Print the records below exactly, and do not carry over any picture.

== ENTRIES SUPPLIED ==

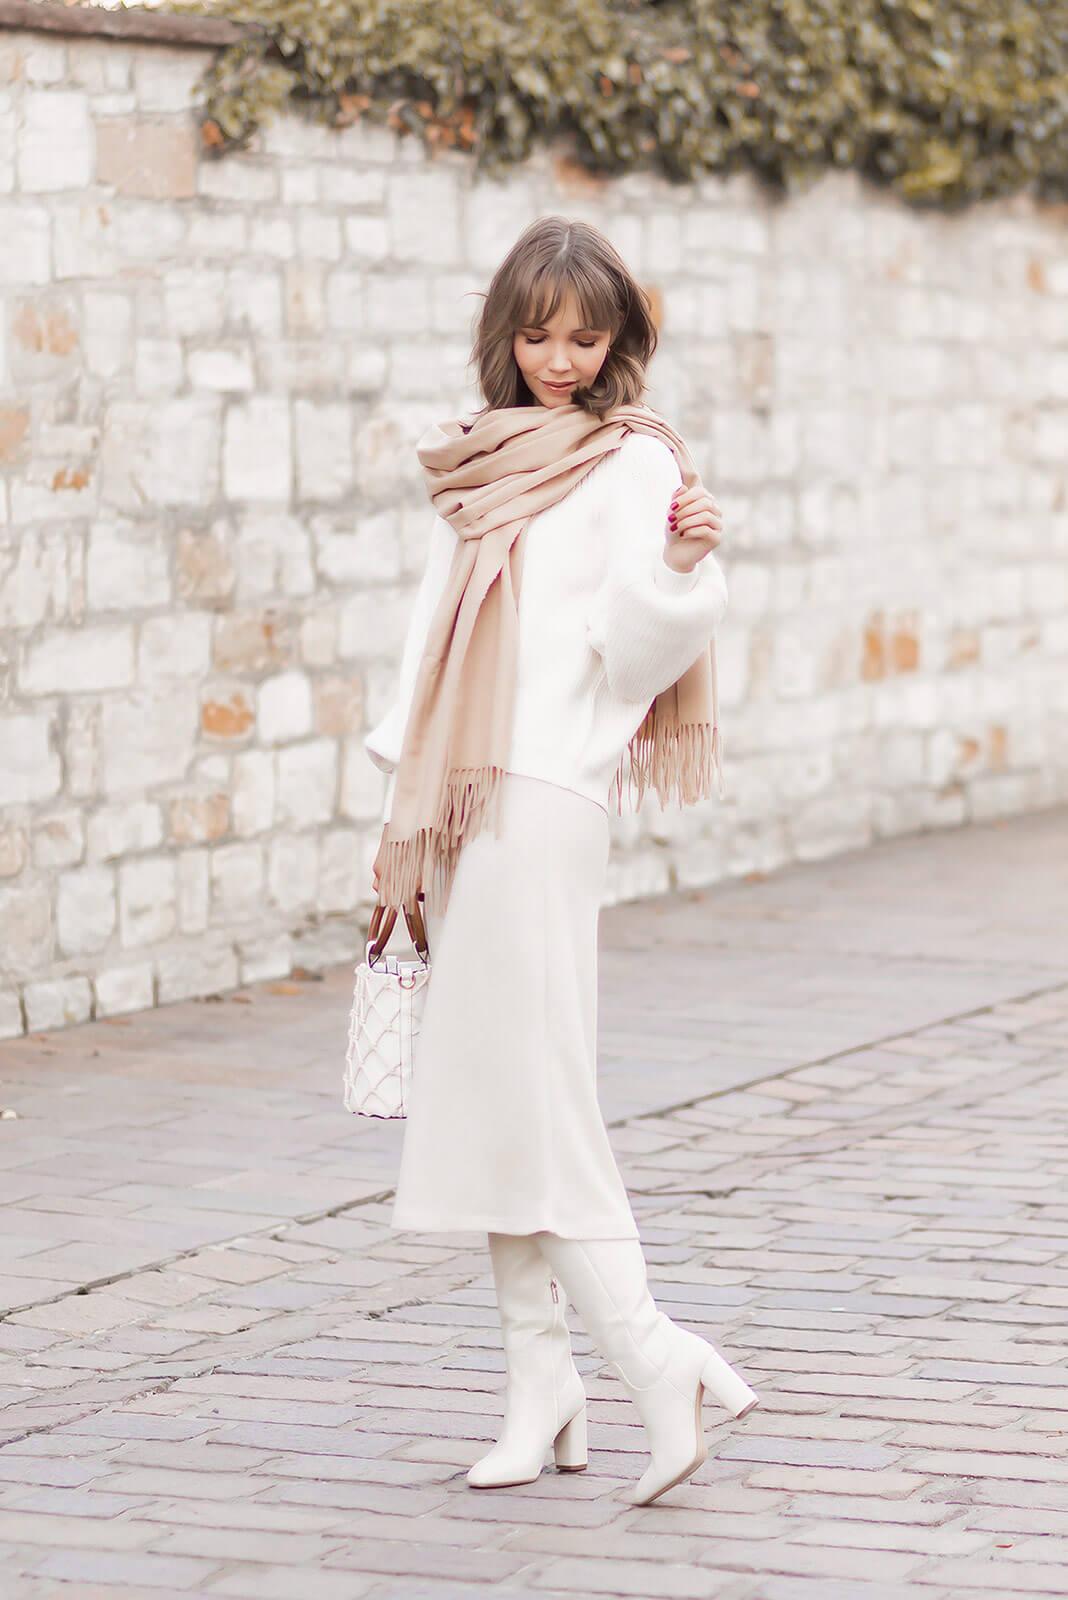 Weiße Stiefel kombinieren, Schuhtrend 2020, All White Outfit für den Herbst, Shoelove by Deichmann
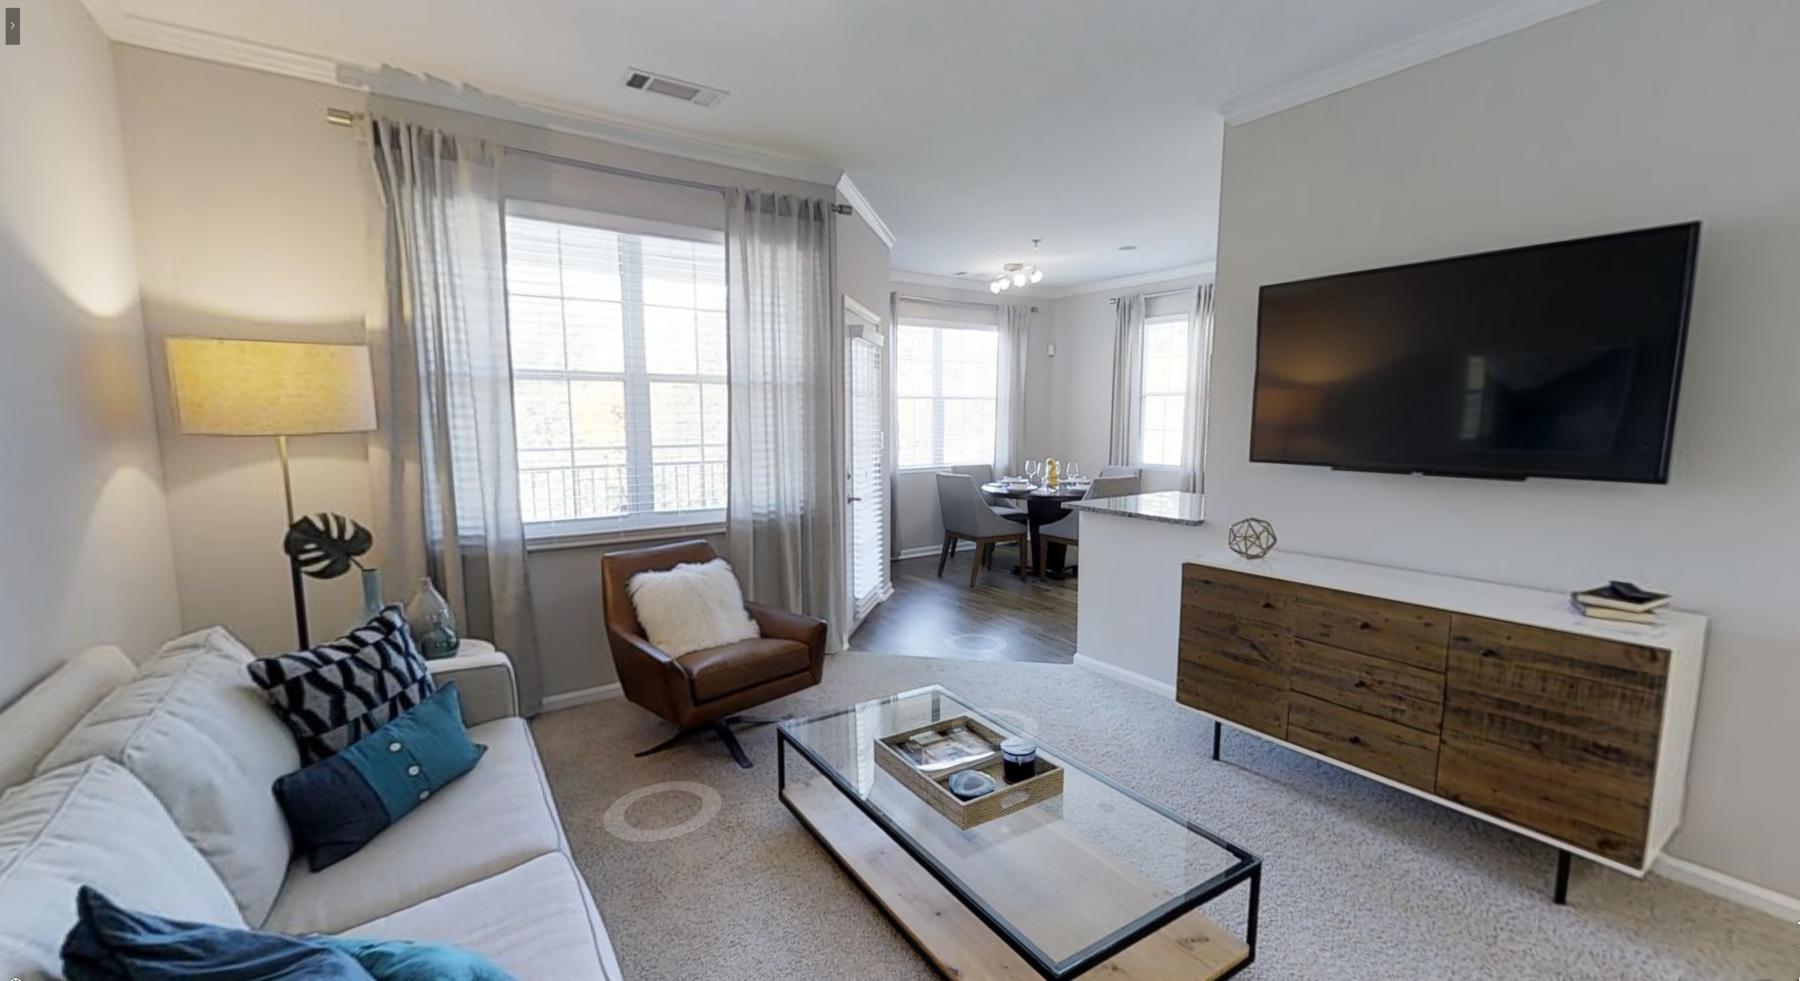 13 - Remodeled Living Room
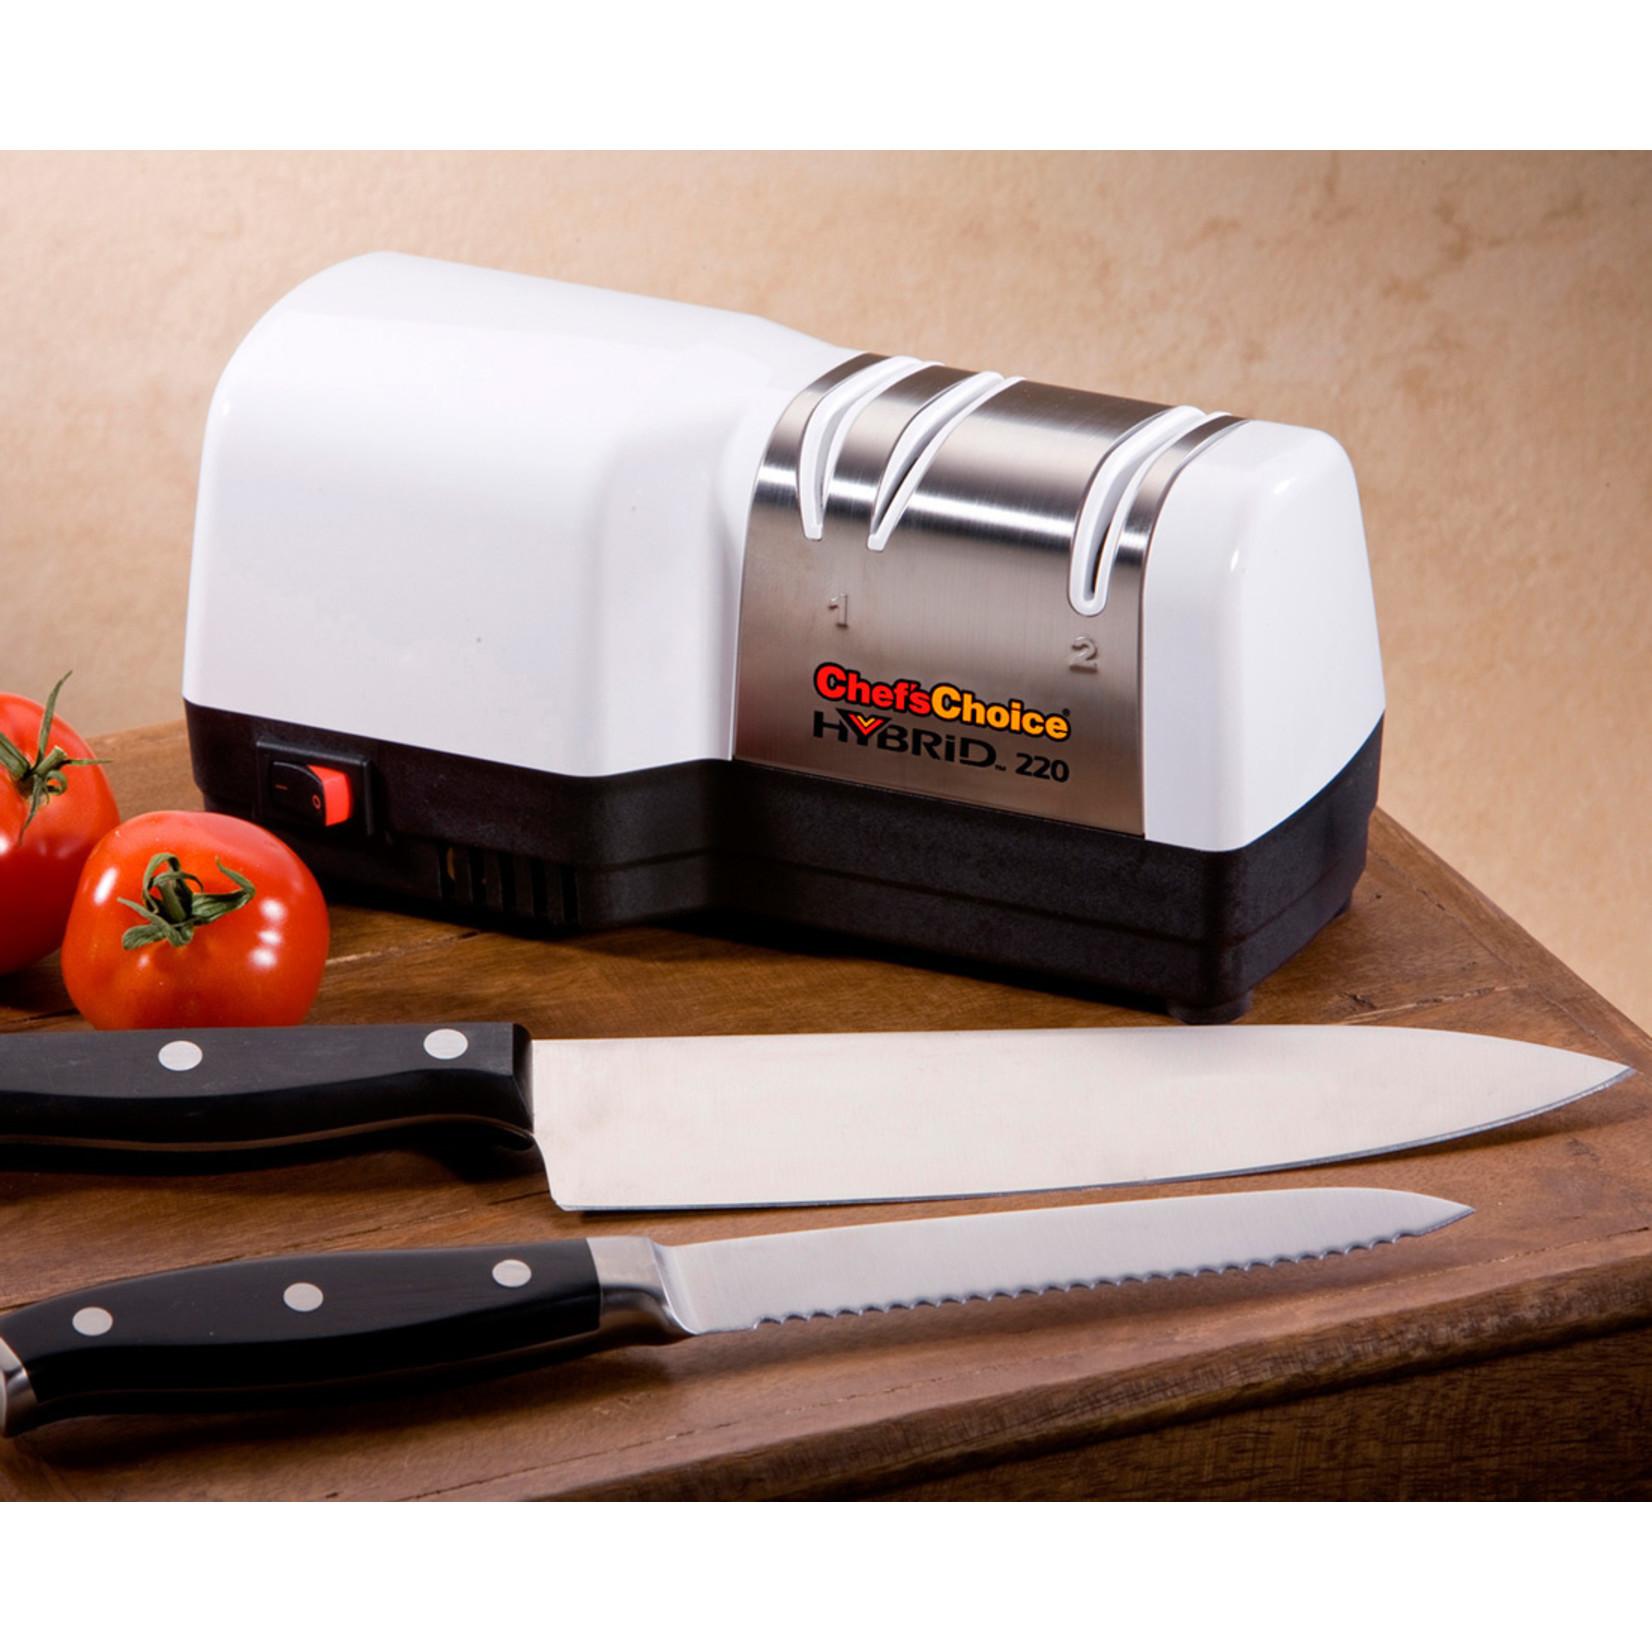 ChefsChoice Chef's Choice Messenslijper 220
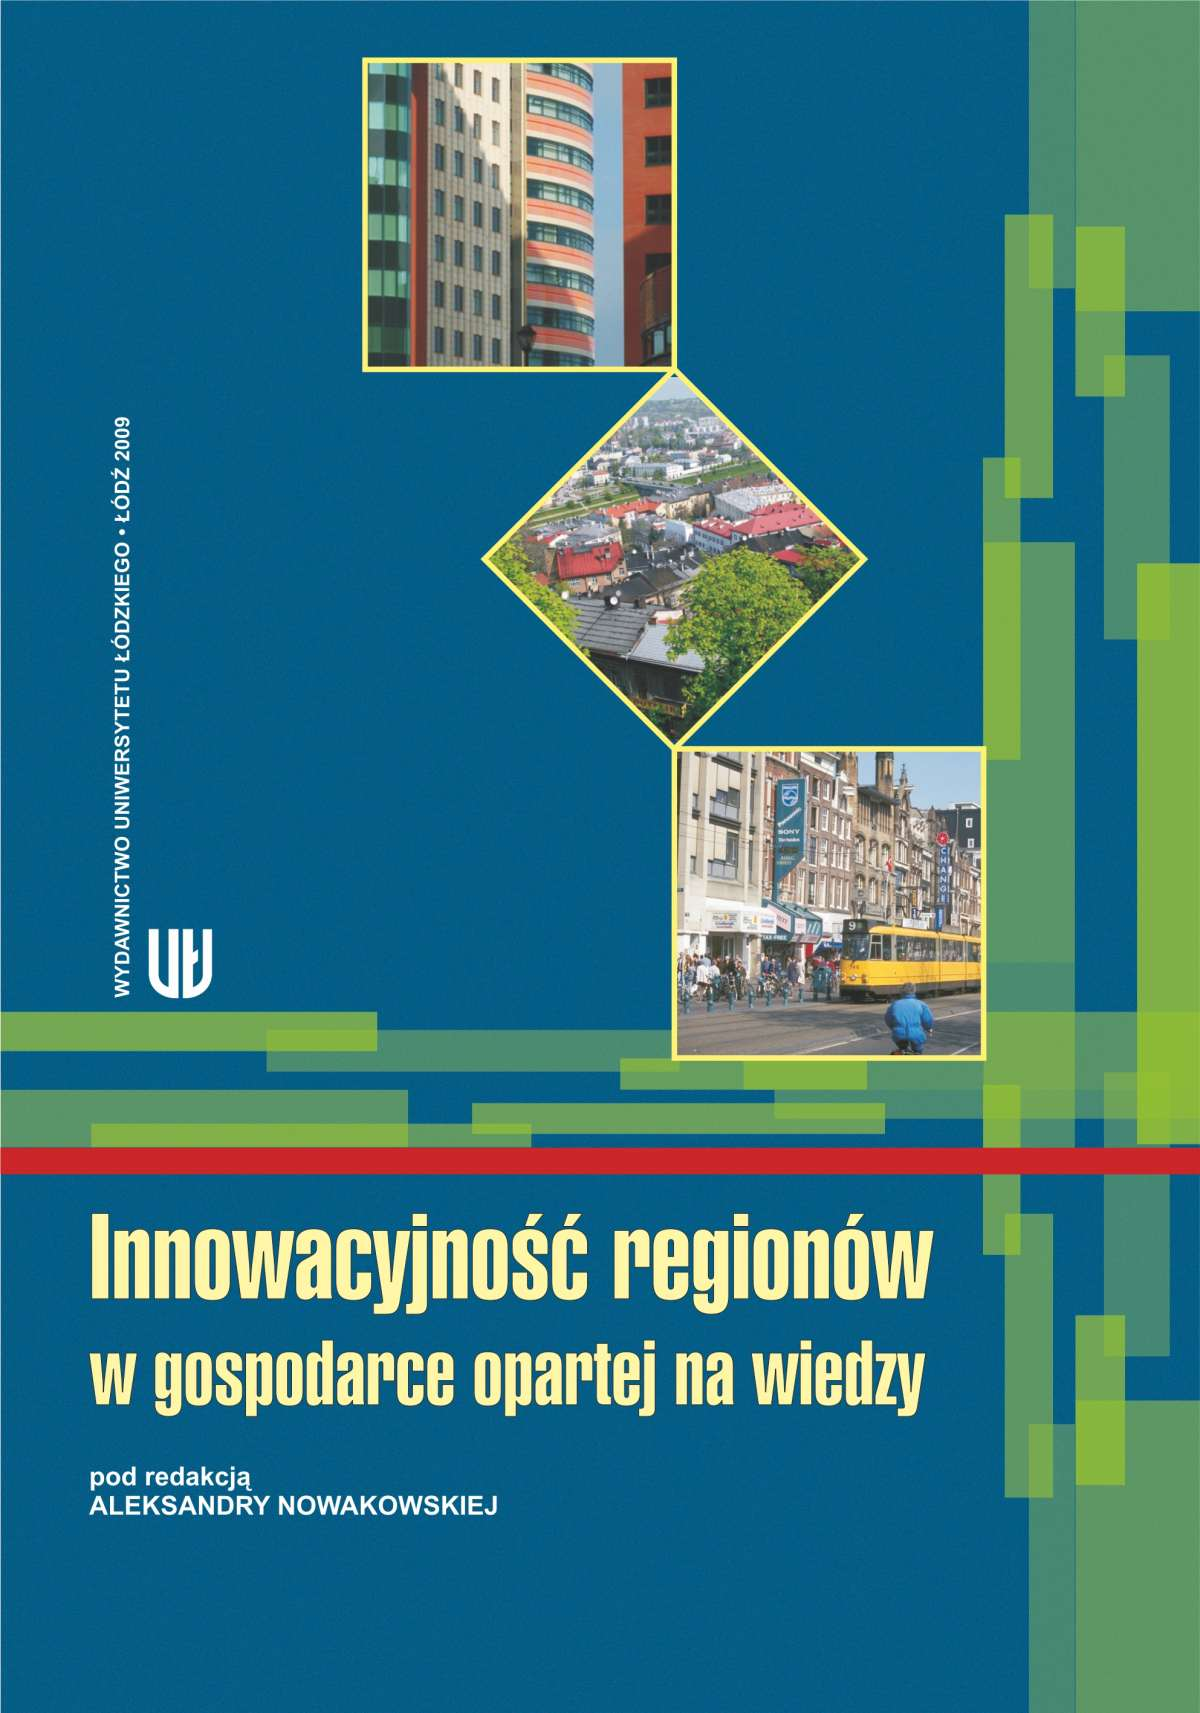 Innowacyjność regionów w gospodarce opartej na wiedzy - Ebook (Książka PDF) do pobrania w formacie PDF
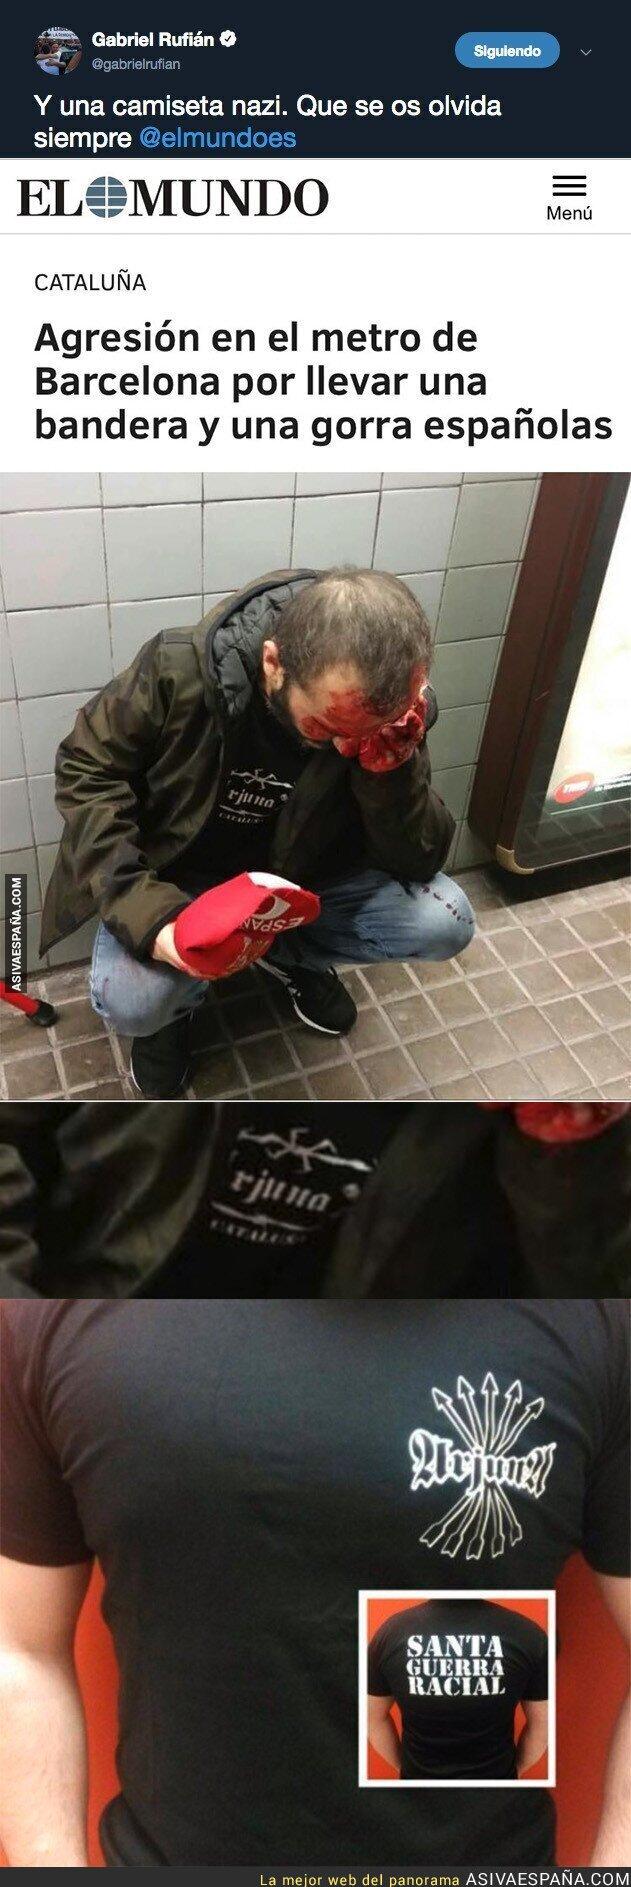 97786 - Esta es la camiseta que tiene el agredido en el metro de Barcelona y que los medios españoles no te enseñan

===

### SOLUTION TO THE PROBLEM
 Weiße Stiefel kombinieren, Schuhtrend 2020, All White Outfit für den Herbst, Shoelove by Deichmann
 13 - Remodeled Living Room
 ChefsChoice Chef's Choice Messenslijper 220
 Innowacyjność regionów w gospodarce opartej na wiedzy - Ebook (Książka PDF) do pobrania w formacie PDF
 97786 - Esta es la camiseta que tiene el agredido en el metro de Barcelona y que los medios españoles no te enseñan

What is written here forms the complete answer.